The video drew controversy, and MTV requested some edits before it could air. Entertainment Tonight aired a segment on the network's reaction to the clip, which was being played in late-night slots on other networks. Though Branigan resisted at first, her record company convinced her to allow a minor alteration and the video was aired on MTV, though by this time the single had peaked on the charts.
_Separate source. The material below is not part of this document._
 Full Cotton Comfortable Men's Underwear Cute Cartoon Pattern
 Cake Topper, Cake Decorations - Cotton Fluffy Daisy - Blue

Branigan would go on to be nominated for a 1985 American Music Award for Favorite Pop/Rock Female Video Artist, losing to Cyndi Lauper.

===Live performances===
Branigan performed the song live in her debut on The Tonight Show Starring Johnny Carson on 27 April 1984. She also promoted the song during appearances on The Merv Griffin Show, Solid Gold (12 May 1984), Dick Clark's American Bandstand (9 June 1984) and the syndicated Dick Clark television special Rock Rolls On, which she also co-hosted.

===Media usage===
In August 2025, "Self Control" was used as the soundtrack to a Virgin Media O2 television commercial. With an increase in attention, the song peaked at number 29 on the UK Singles Downloads Chart on 12 September 2025.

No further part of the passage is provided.